* Dataset excerpt:
········
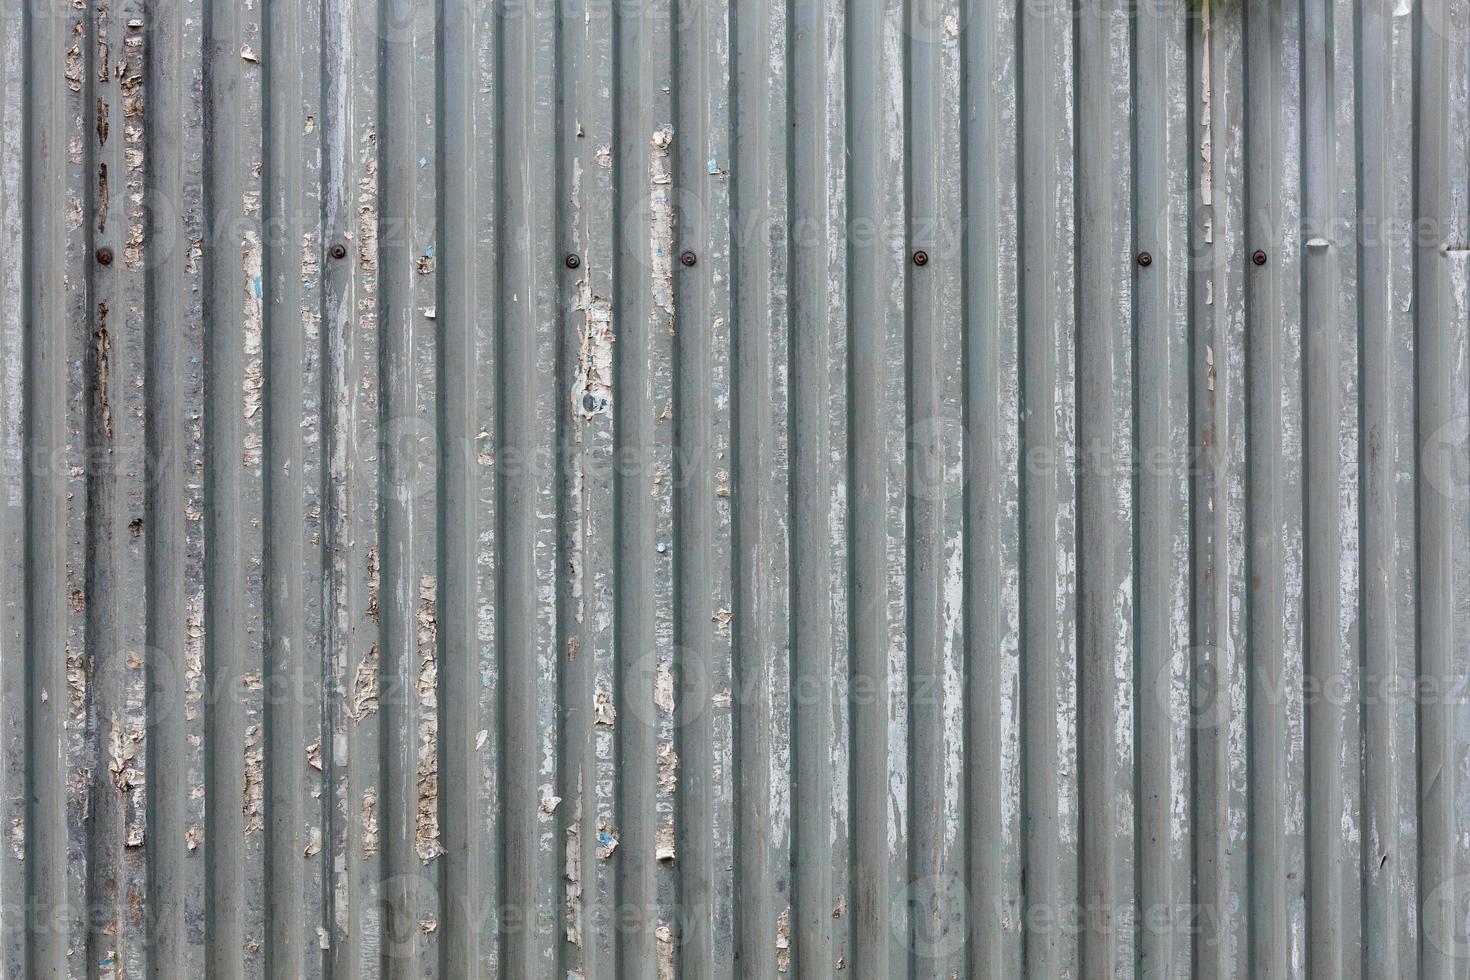 corrugated zinc-plated sheet fence with paper advertisements leftovers photo
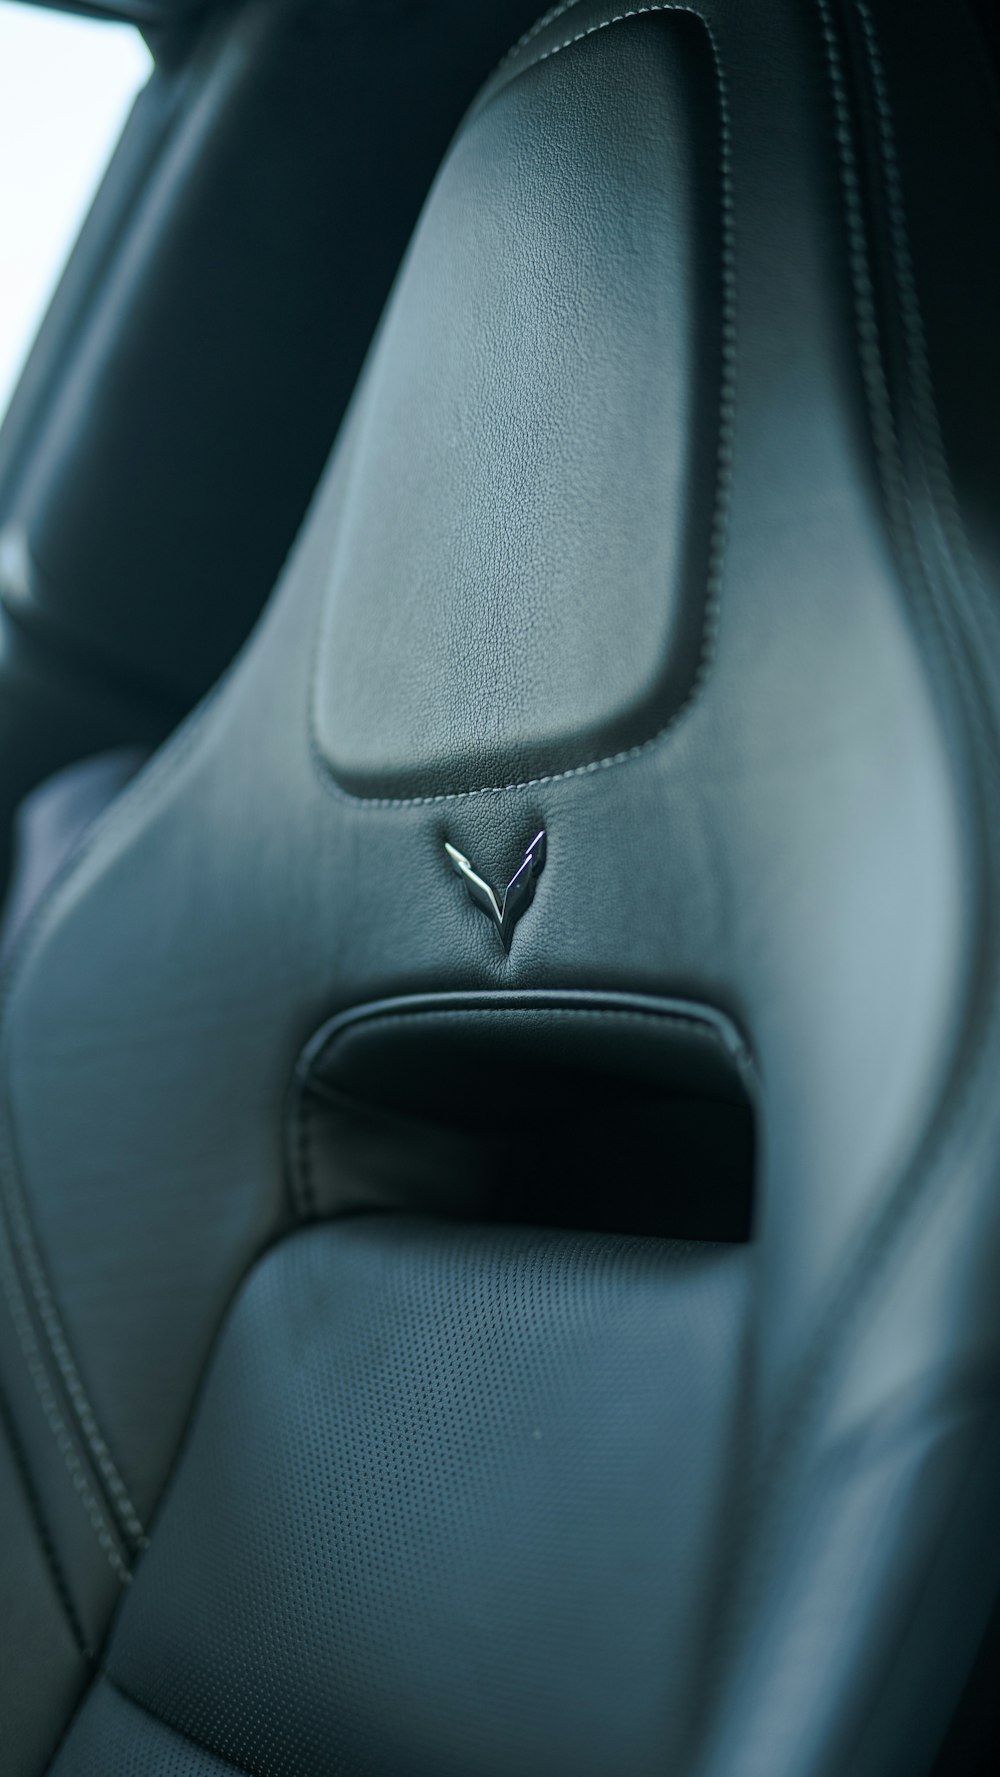 a close up of a car's leather seats
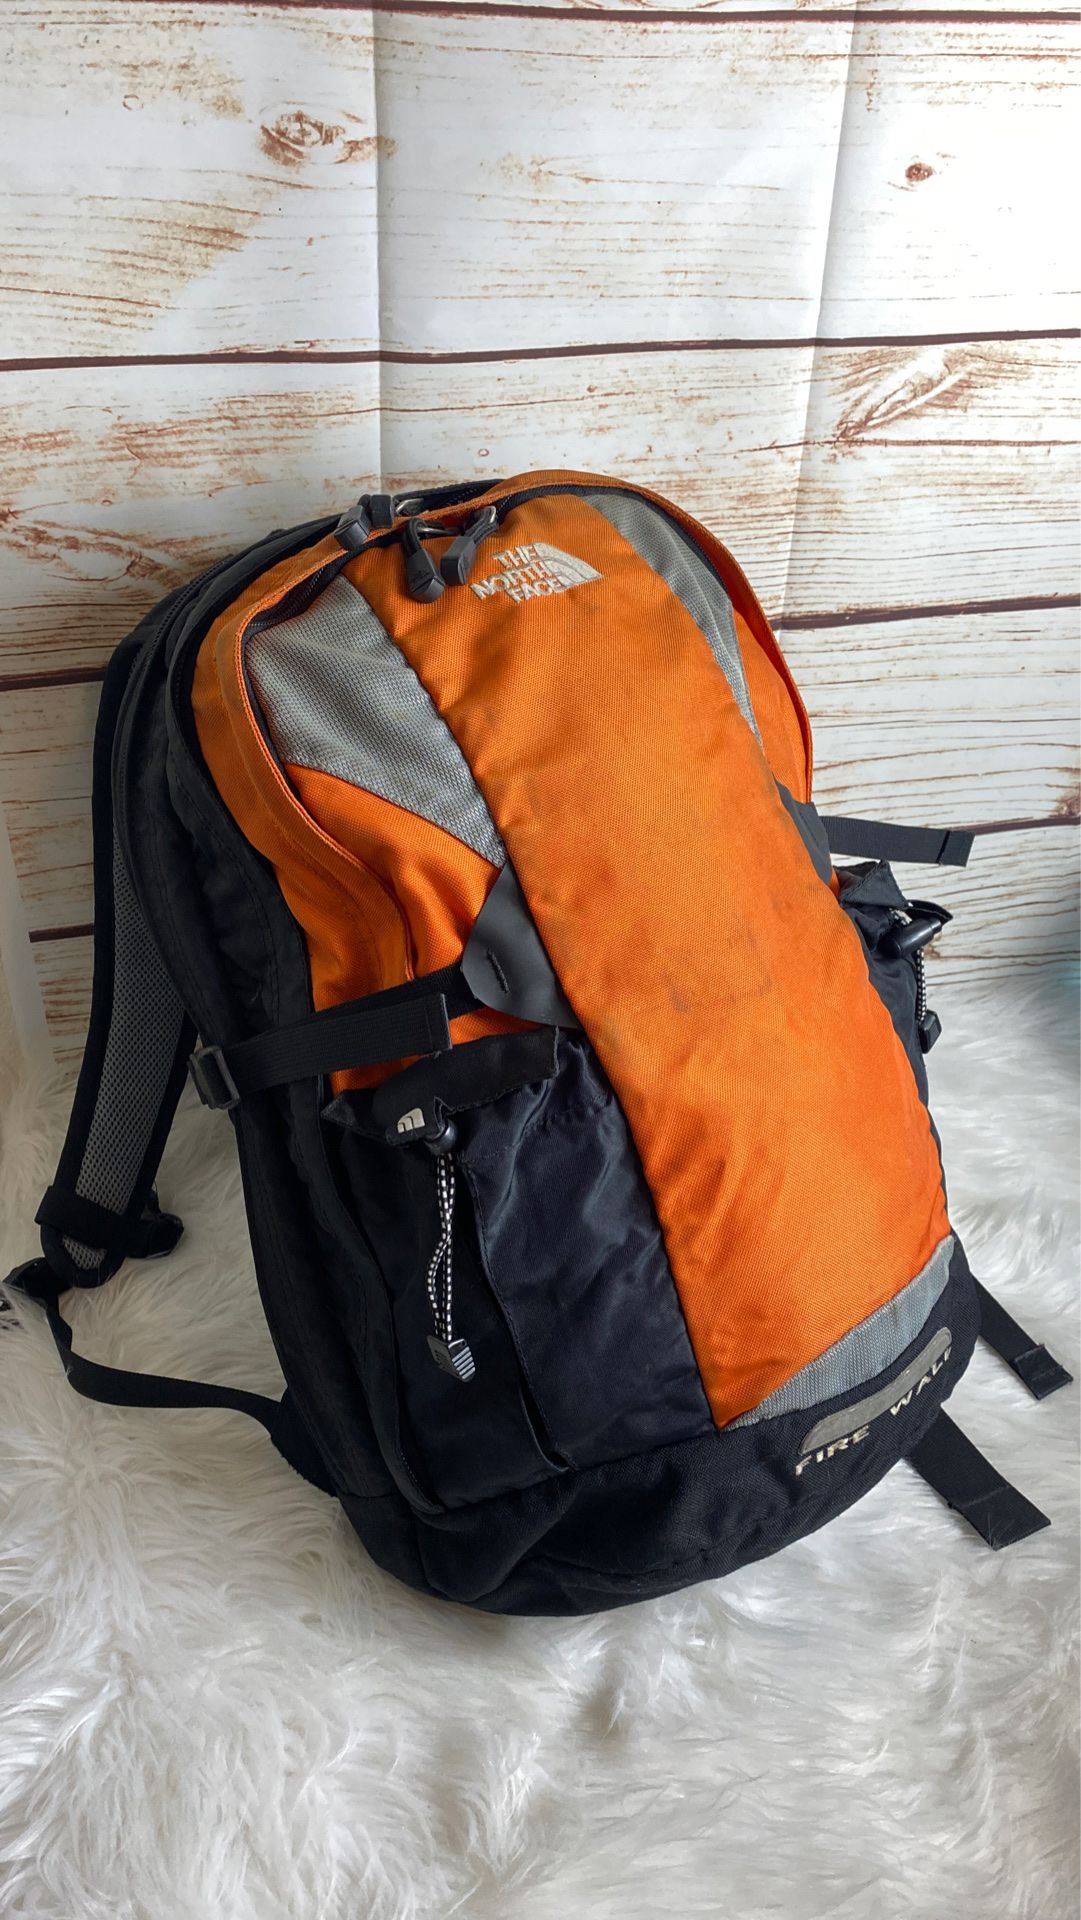 The north face “fire wall” hiking backpack.
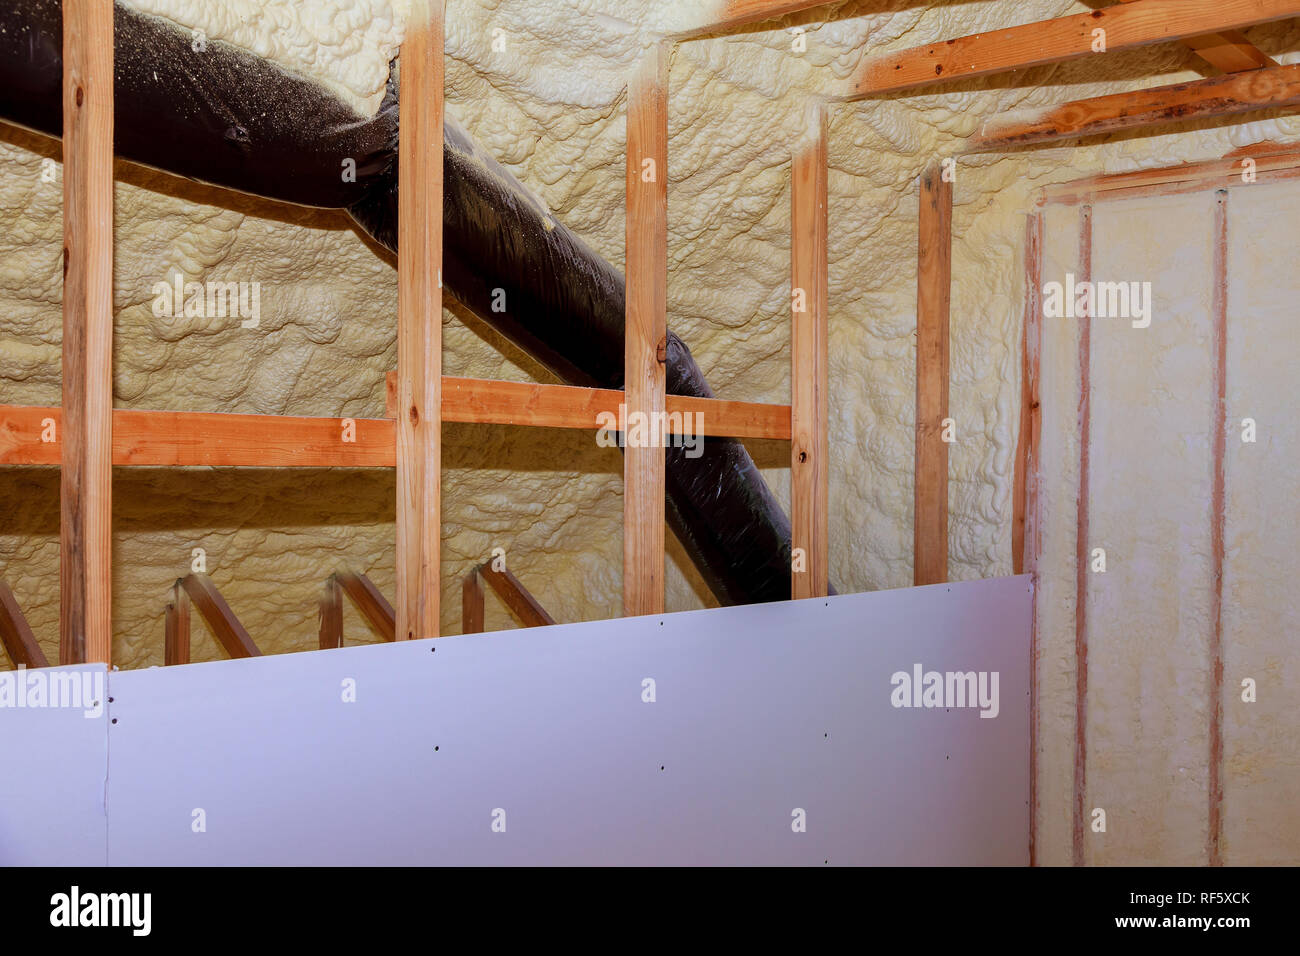 Inside wall insulation in wooden house, building under construction Stock Photo
········
* Exercise description: Everything in the material goes into the copy exactly, except the images.

* Answer below:
 corrugated zinc-plated sheet fence with paper advertisements leftovers photo
 a close up of a car's leather seats
 The north face “fire wall” hiking backpack.
 Inside wall insulation in wooden house, building under construction Stock Photo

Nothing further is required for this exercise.